# Niagara Bicycle?



## Ernbar (Aug 3, 2019)

Has anyone heard of Niagara bicycles? I recall my brother having one back in the late 50s early 60s. He passed away some years back otherwise I would have the scoop on it. I do remember it being black and being 3 speed. I was 5 or 6 at the time so it’s been quite a spell since.


----------



## Wards Guy.. (Aug 3, 2019)

Saw this on the Cabe...


----------



## Ernbar (Aug 3, 2019)

Sorry, double post.


----------



## Ernbar (Aug 3, 2019)

Hey thanks for your reply. I was born in Cienfuegos and left in 1964. That explains the Niagara connection. My brother bought this bike about 1959 or 1960. Unfortunately it may be long gone.


----------



## barneyguey (Aug 3, 2019)




----------



## Ernbar (Aug 3, 2019)

My Lord! Thanks for posting the badge barnyguey! It's a part of my childhood memories of my very special brother.


----------



## Wards Guy.. (Aug 3, 2019)

I just sold this one a week ago .







 I hate it too but I was cleaning house ...


----------



## Ernbar (Aug 3, 2019)

Ernbar said:


> My Lord! Thanks for posting the badge barnyguey! It's a part of my childhood memories of my very special brother.





Wards Guy.. said:


> I just sold this one a week ago .View attachment 1040639
> 
> View attachment 1040640
> 
> I hate it too but I was cleaning house ...
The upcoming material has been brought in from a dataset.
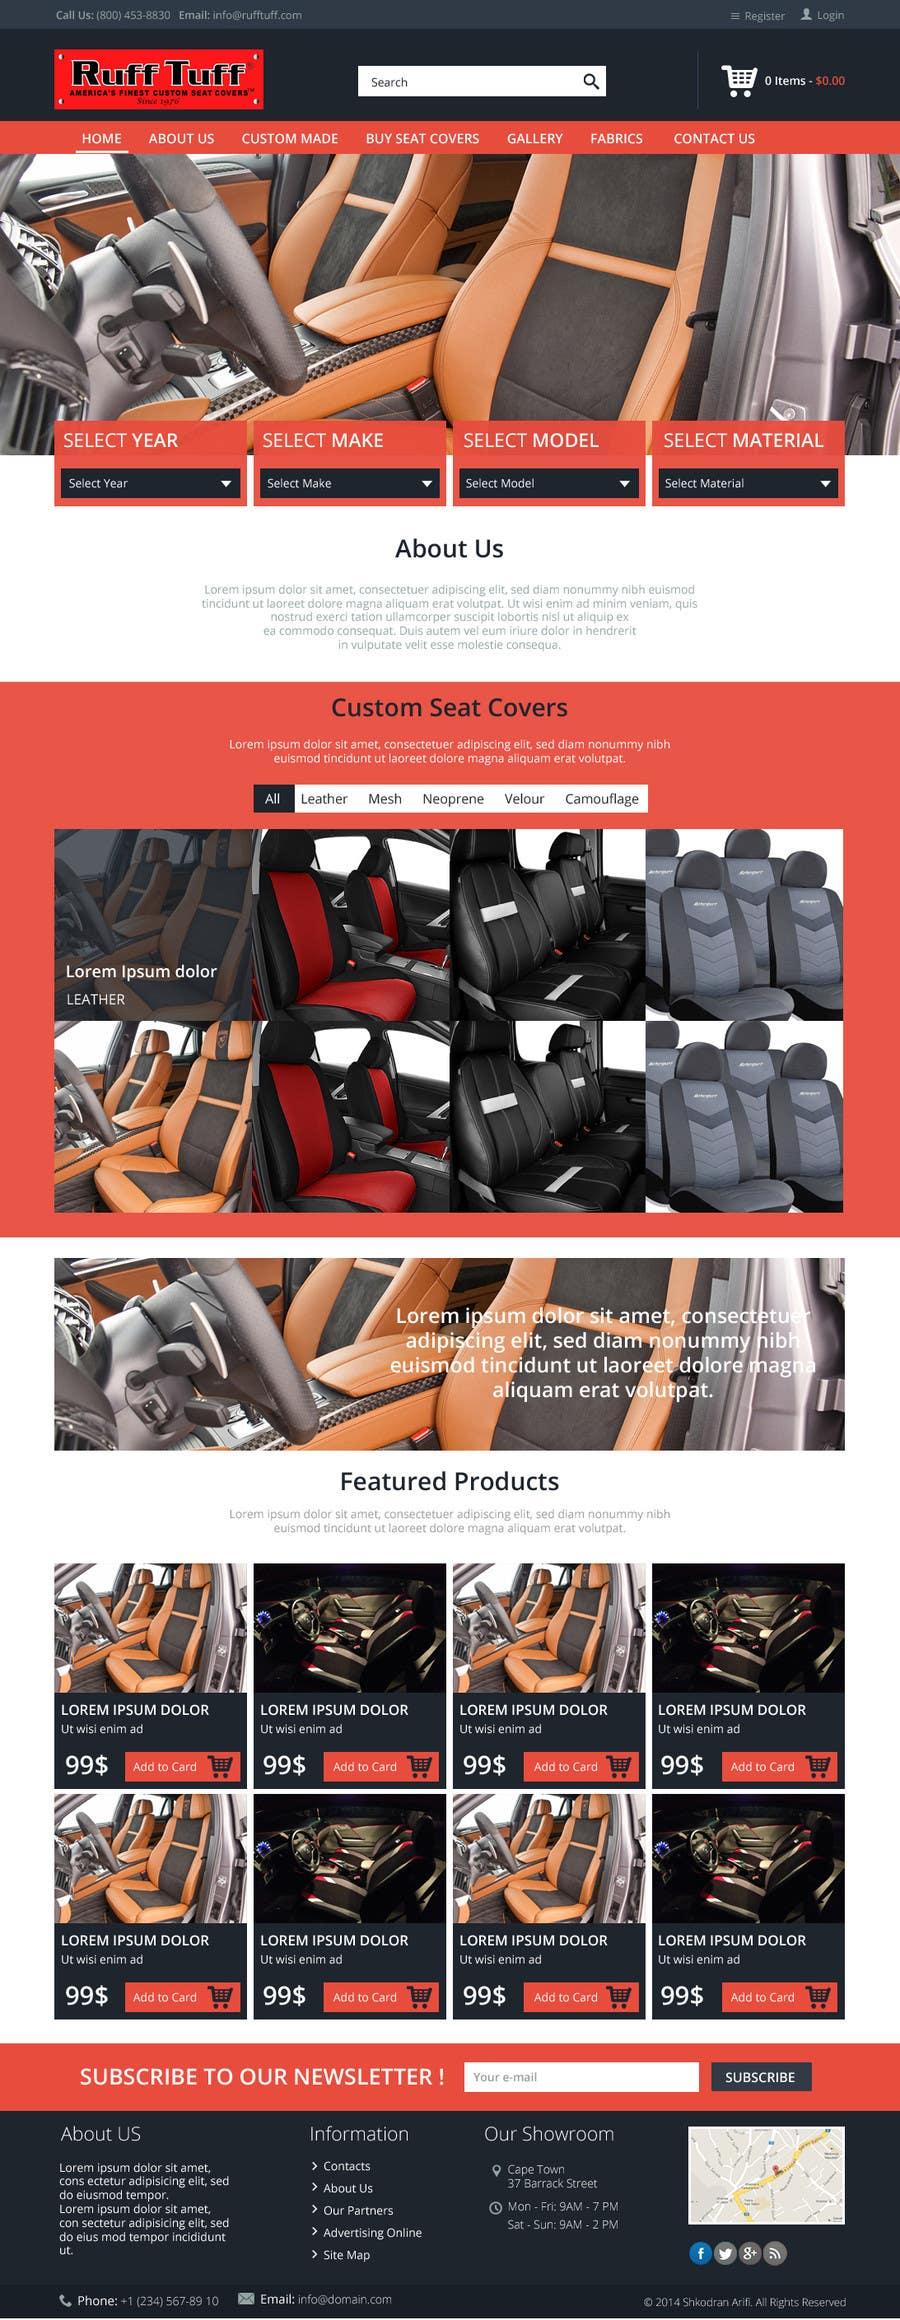 Penyertaan Peraduan #                                        26                                      untuk                                         Design a Website Mockup for an auto seat cover manufacturer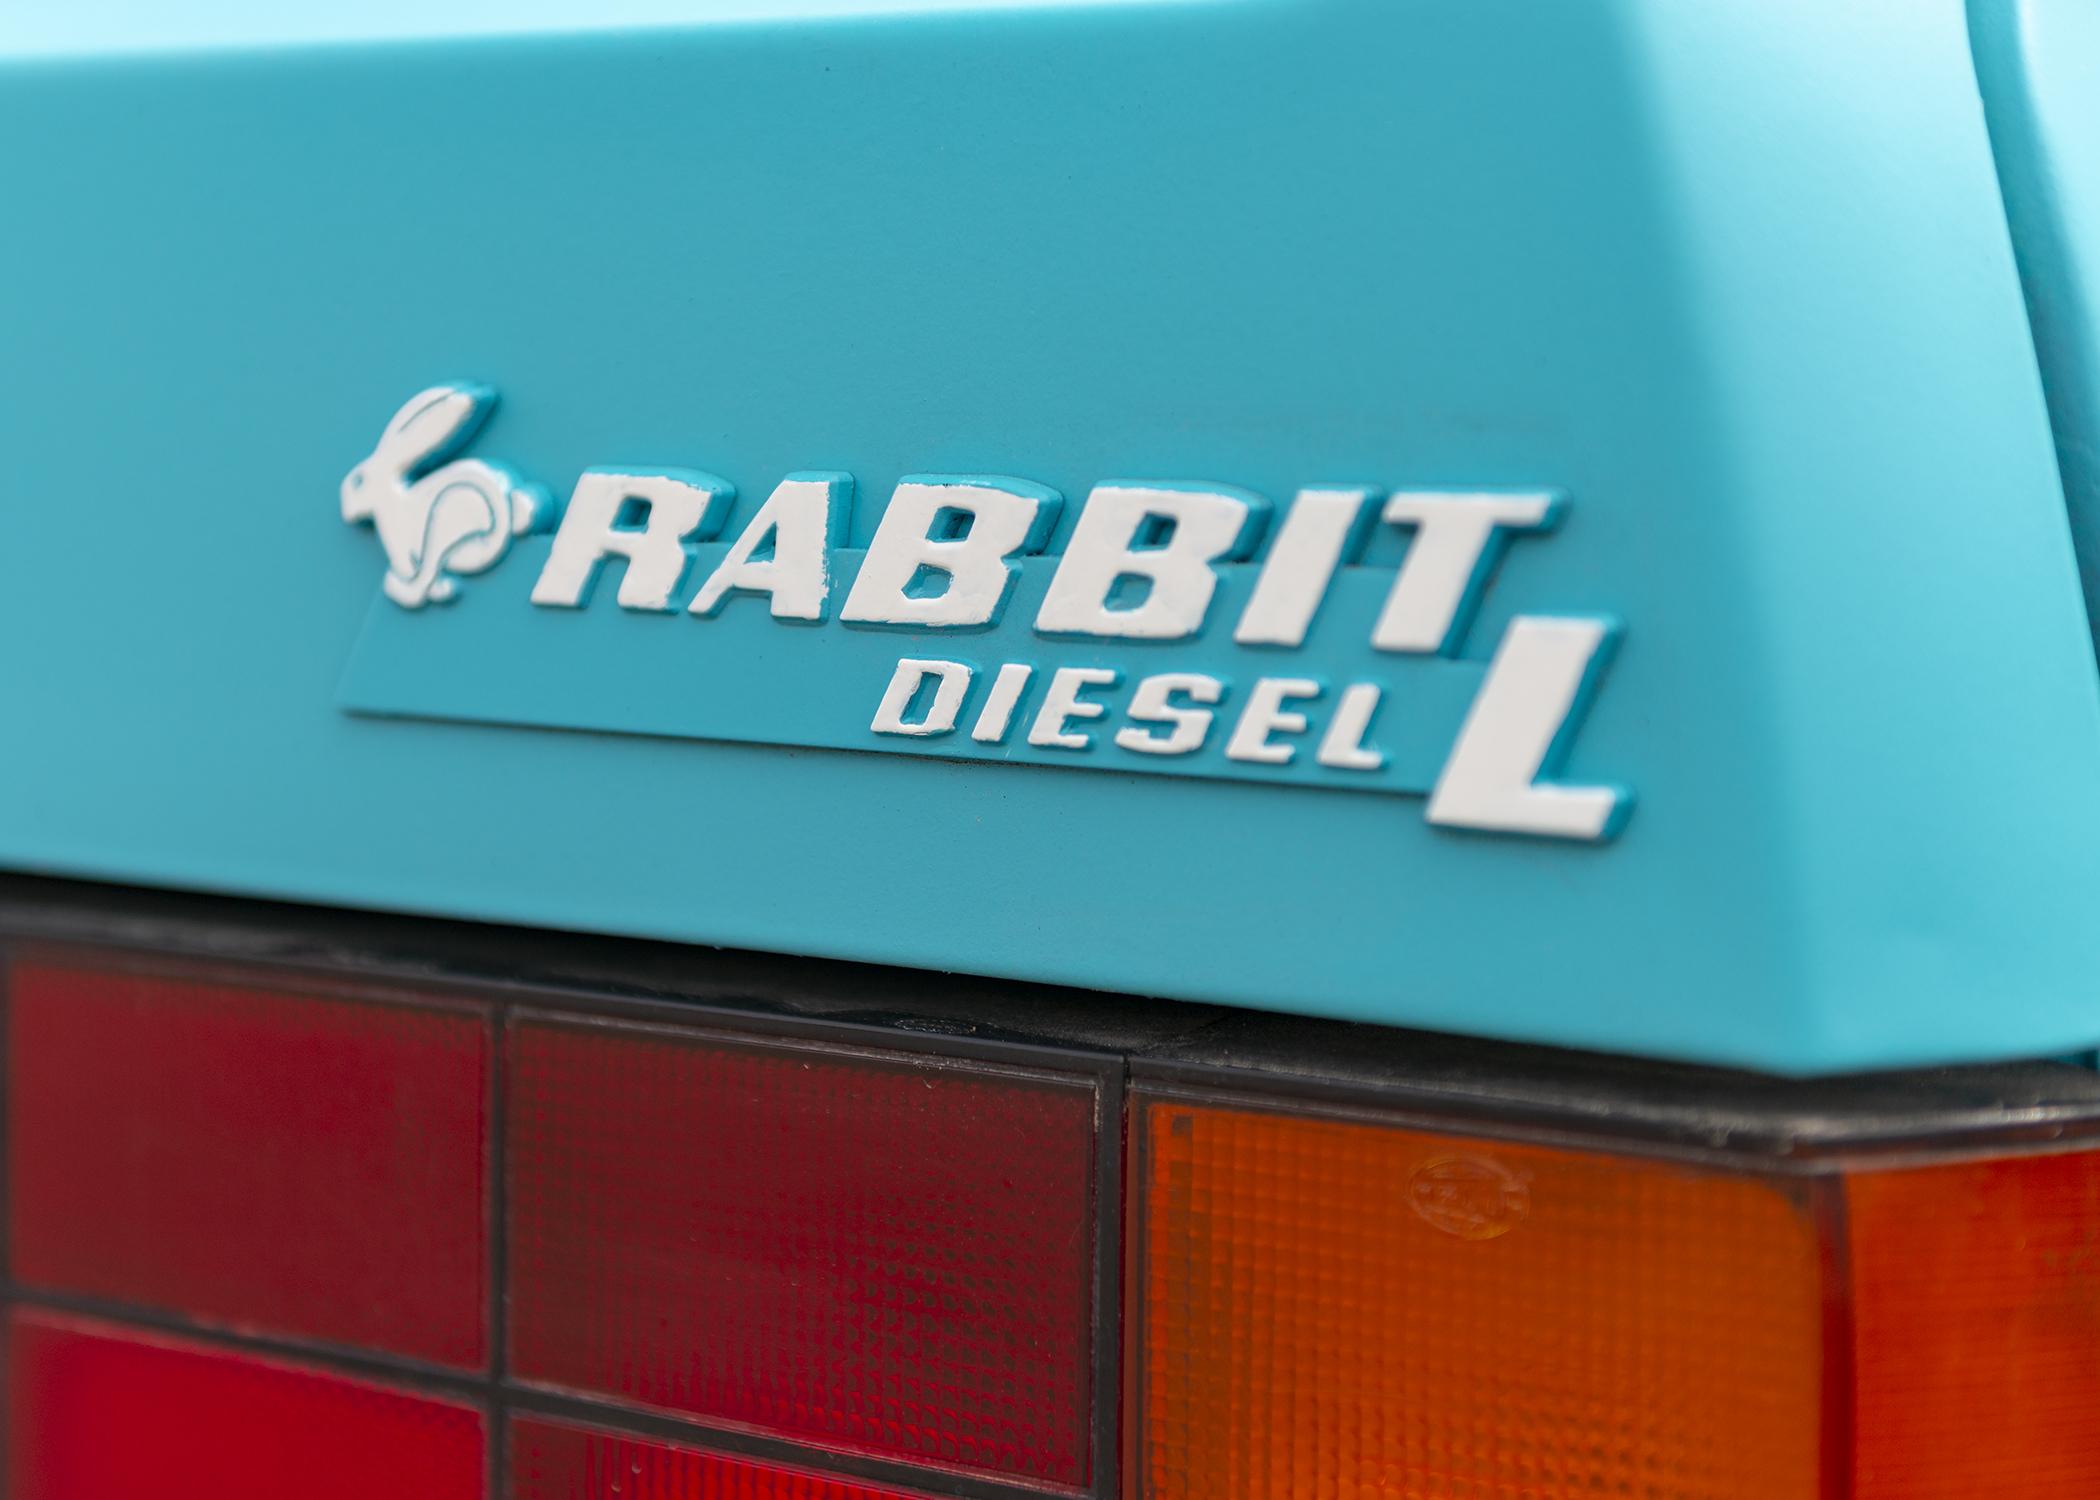 Volkswagen Rabbit Diesel L. Timeless styling by Giorgetto Giugiaro's ItalDesign.

That looks to be very old, older than what I remember my brother Jorge's bike to be. What year was that bike made?

I just spoke to my other brother who had an O'Higgins bike. I have never heard of that brand.


----------



## barneyguey (Aug 3, 2019)

Ernbar said:


> My Lord! Thanks for posting the badge barnyguey! It's a part of my childhood memories of my very special brother.



You bet!  Have agreat day! Barry


----------



## barneyguey (Aug 3, 2019)

Ernbar said:


> That looks to be very old, older than what I remember my brother Jorge's bike to be. What year was that bike made?
> 
> I just spoke to my other brother who had an O'Higgins bike. I have never heard of that brand.



Look up the name J. C. Higgins. Sears sold them.


----------



## Wards Guy.. (Aug 3, 2019)

Ernbar said:


> That looks to be very old, older than what I remember my brother Jorge's bike to be. What year was that bike made?
> 
> I just spoke to my other brother who had an O'Higgins bike. I have never heard of that brand.





Ernbar said:


> That looks to be very old, older than what I remember my brother Jorge's bike to be. What year was that bike made?
> 
> I just spoke to my other brother who had an O'Higgins bike. I have never heard of that brand.



From the teens....


----------



## Ernbar (Aug 3, 2019)

Spoke to my brother again and asked him if it was JC Higgins and he remembered the name. He said our dad bought it for him st Sears and Roebuck in Cienfuegos Cuba in 1956.


----------